_SOURCE RECORDS_
☆ ☆ ☆ ☆ ☆ ☆ ☆
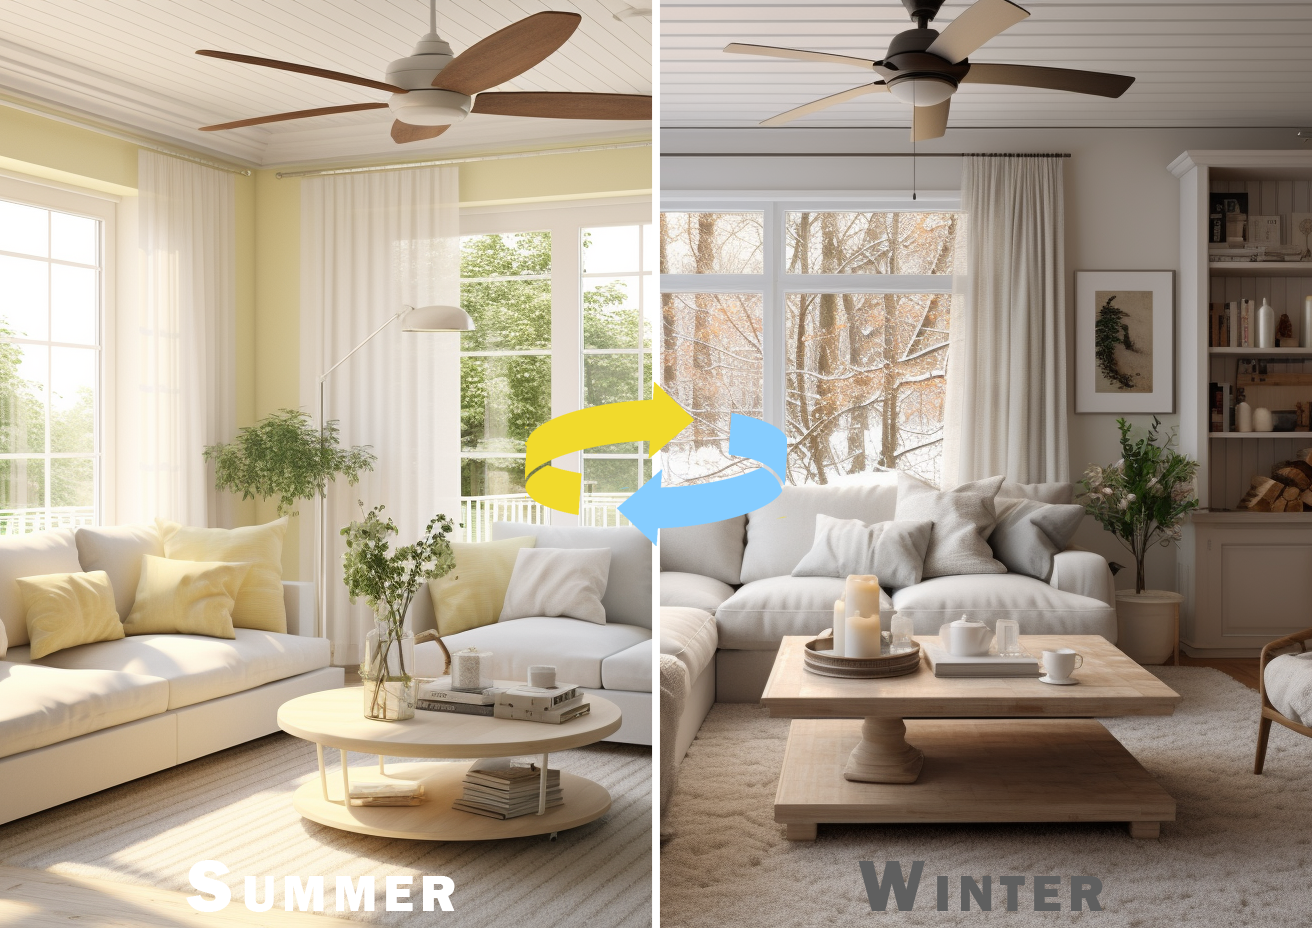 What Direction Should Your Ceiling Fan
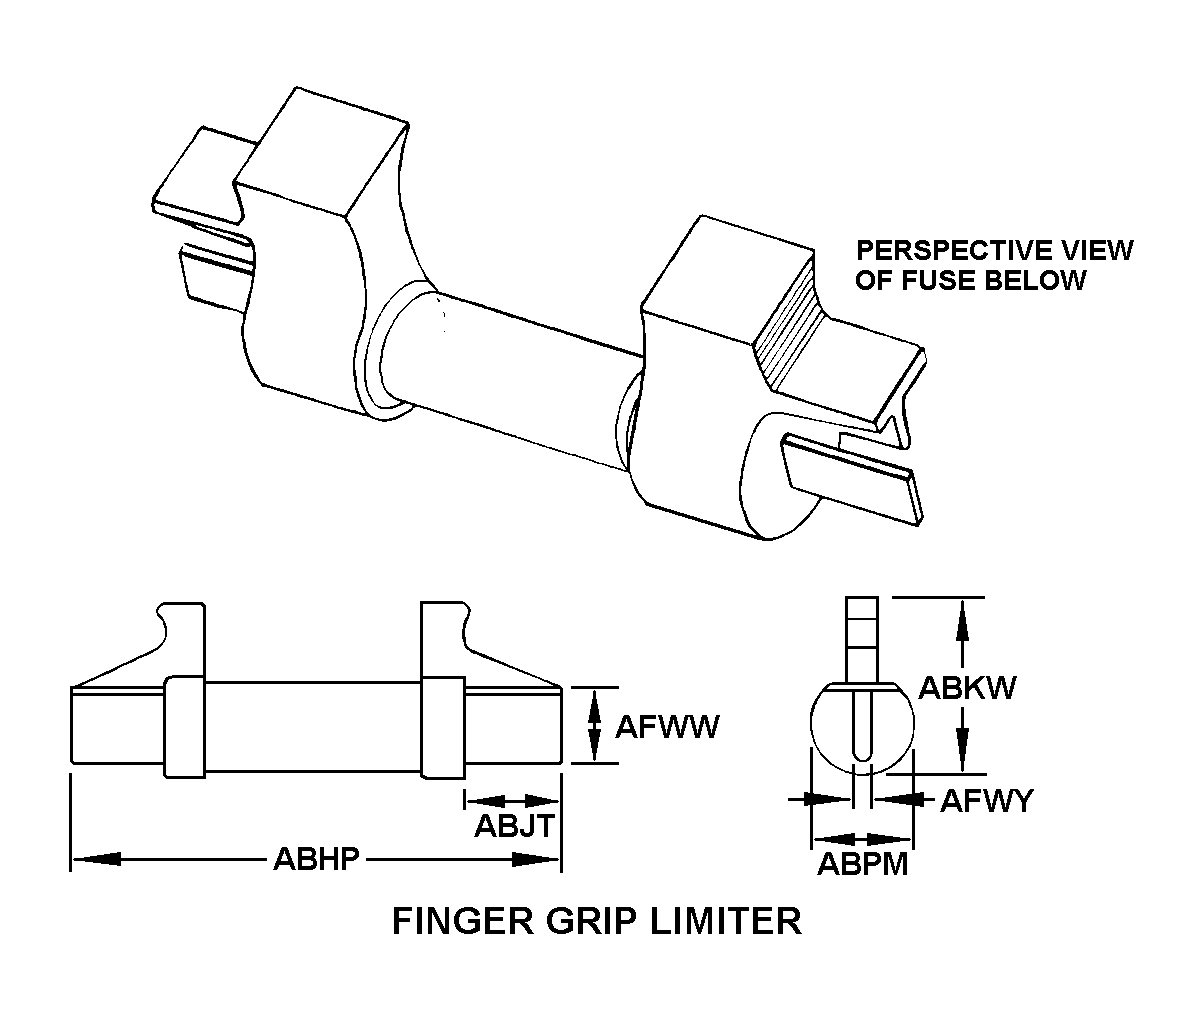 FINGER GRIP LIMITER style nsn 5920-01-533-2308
☆ ☆ ☆ ☆ ☆ ☆ ☆
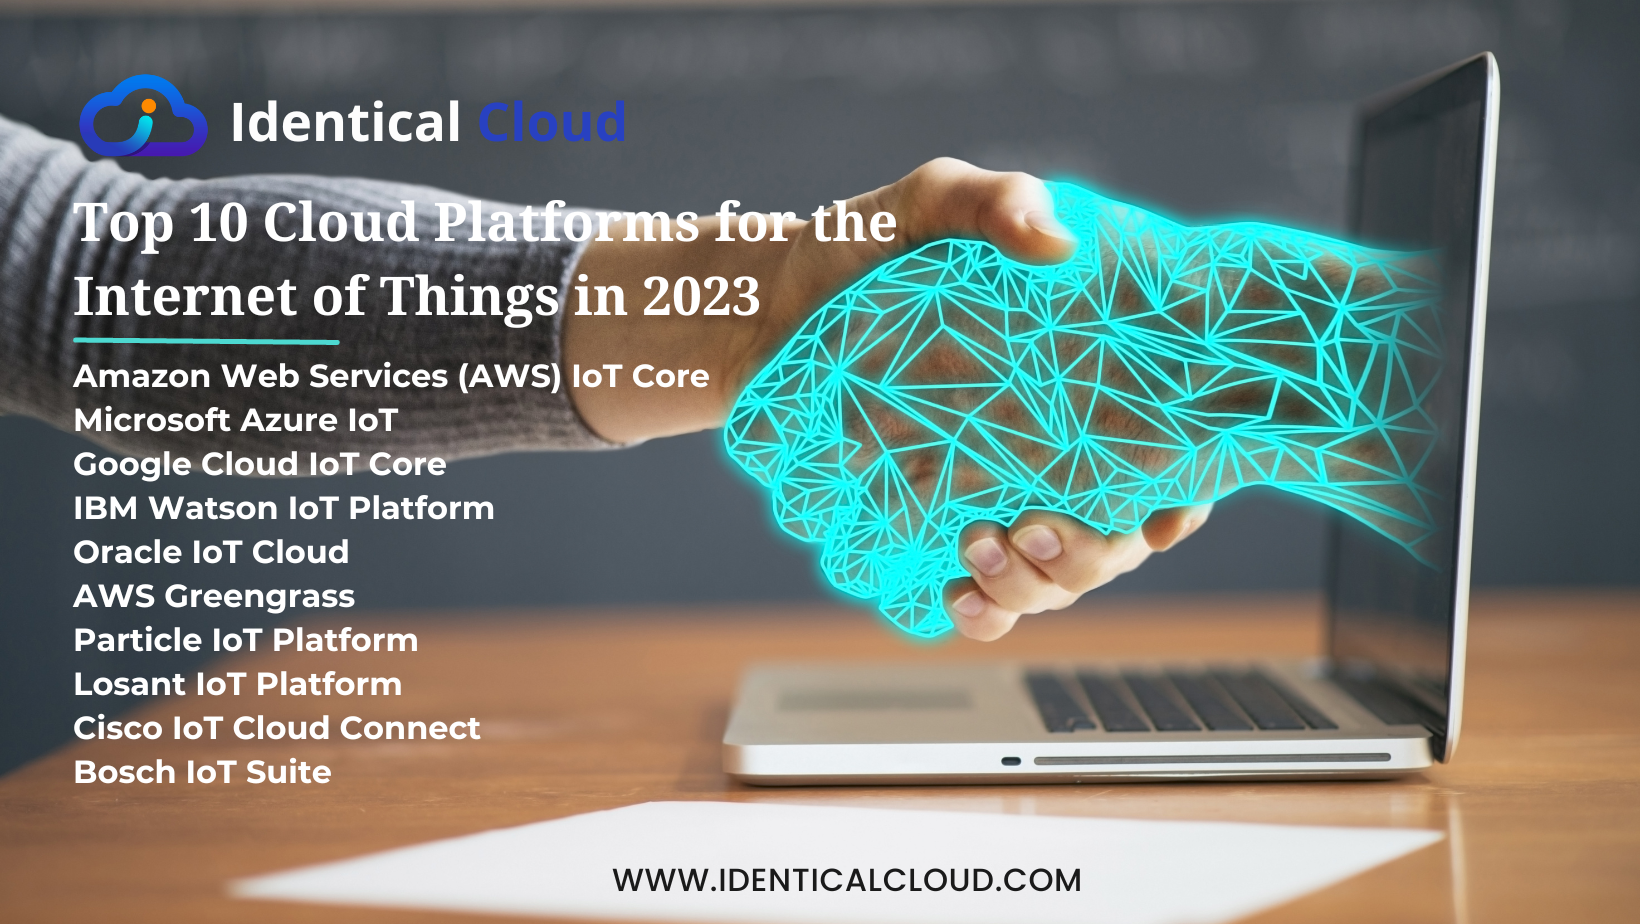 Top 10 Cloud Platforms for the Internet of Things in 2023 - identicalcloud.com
☆ ☆ ☆ ☆ ☆ ☆ ☆
_ASSIGNED TASK_
Would you set down only the lines above from the line with "What Direction Should Your Ceiling Fan" to the line with "FINGER GRIP LIMITER", both included, exactly as they stand and without the pictures?

_ANSWER BOX_
 What Direction Should Your Ceiling Fan
 FINGER GRIP LIMITER style nsn 5920-01-533-2308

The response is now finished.